A total of 18 mice were sacrificed for each radioimmunoconjugate: 5 mice at 2 h, 7 mice at 24 h and 6 mice at 48 h after injection.

Immunoreactivity. The immunoreactivity of 64Cu–F6–C-dota and 64Cu–F6-te1pa was assessed following the radiolabeling, according to the previously described procedure. The mice plasma was also tested for immunoreactivity 24 and 48 h PI. The blood of mice sacrificed at a same PI time (same group) was collected and pooled. The blood pool was centrifuged at 2000g for 10 minutes and the plasma was recovered. The immunoreactivity test was performed by incubating a volume of plasma corresponding to about 1.5 pmol of radioimmunoconjugate in the 44.12.13-coated tube.

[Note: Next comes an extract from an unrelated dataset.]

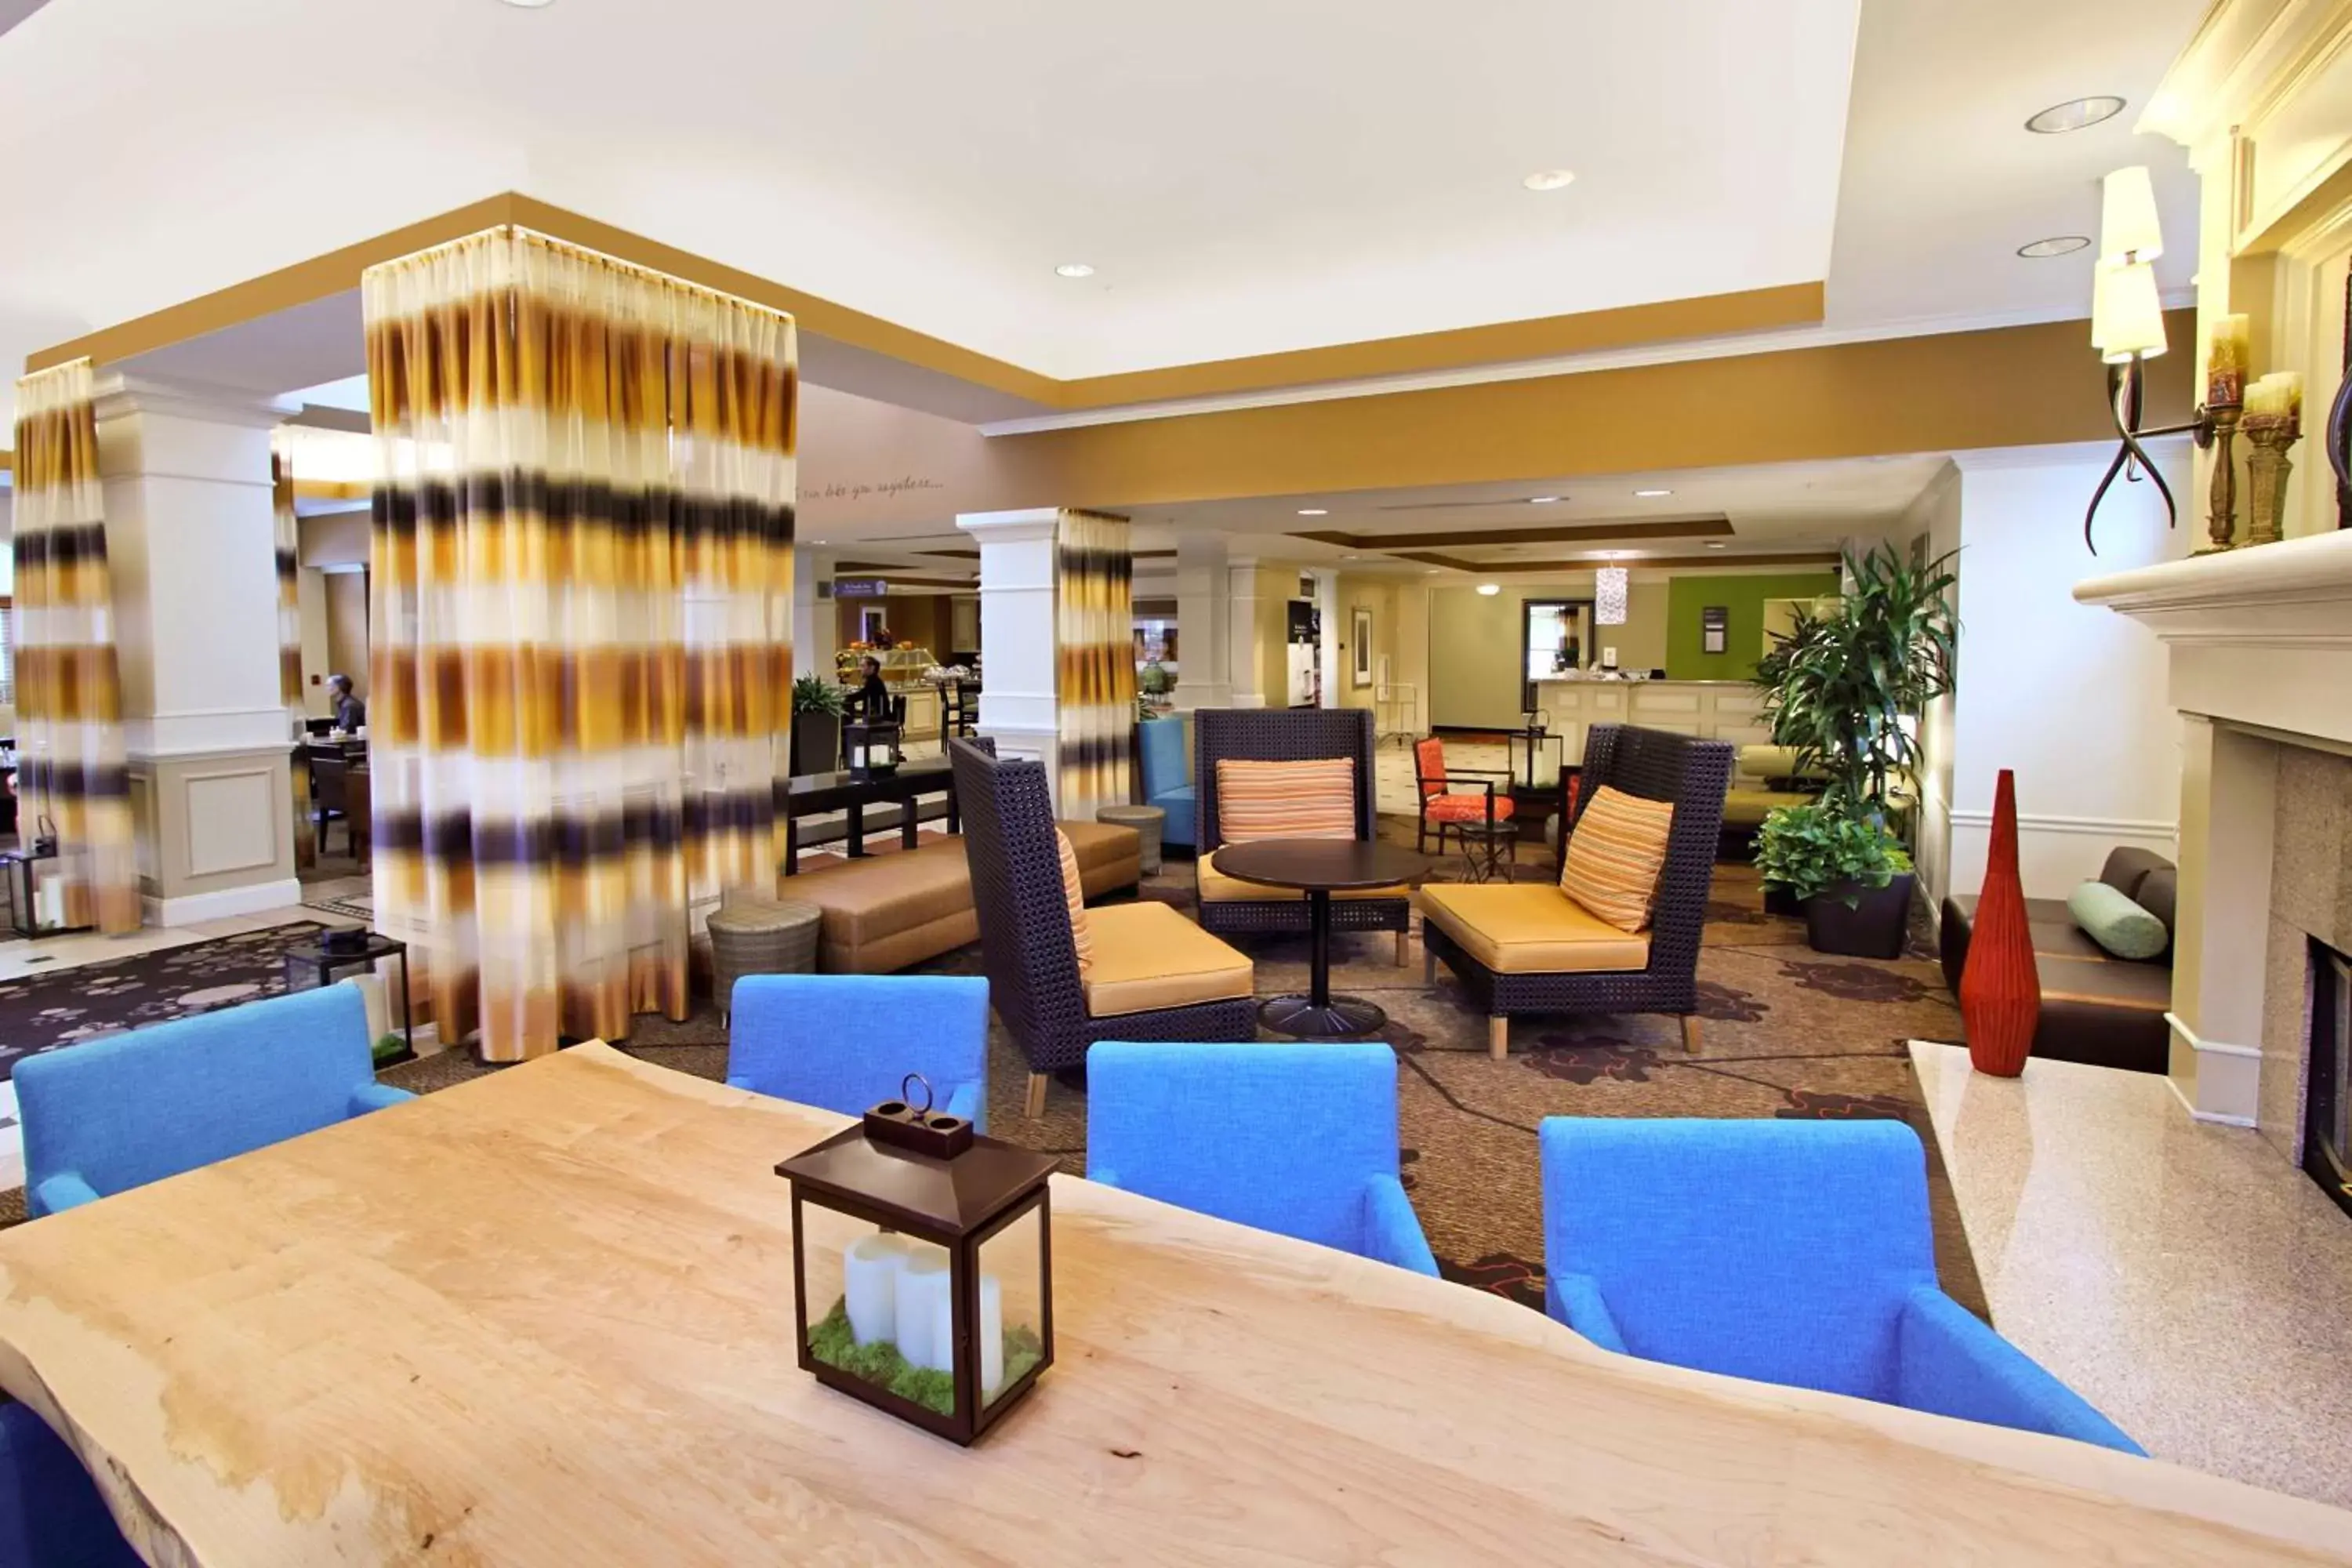 Lobby or reception in Hilton Garden Inn Calabasas

In order to accurately estimate the theoretical amount of radioimmunoconjugate contained in plasma, 200 μL of plasma were counted following a standard tube containing one hundredth of the activity injected per mouse. The number of counts measured for the plasma sample was divided by the number of counts for the standard. Taking into account the theoretical activity of the standard, the activity of the plasma sample was obtained (in Bq). The theoretical amount of radioimmunoconjugate contained in plasma was obtained by dividing the activity of the plasma by the specific activity of the radioimmunoconjugate decay-corrected.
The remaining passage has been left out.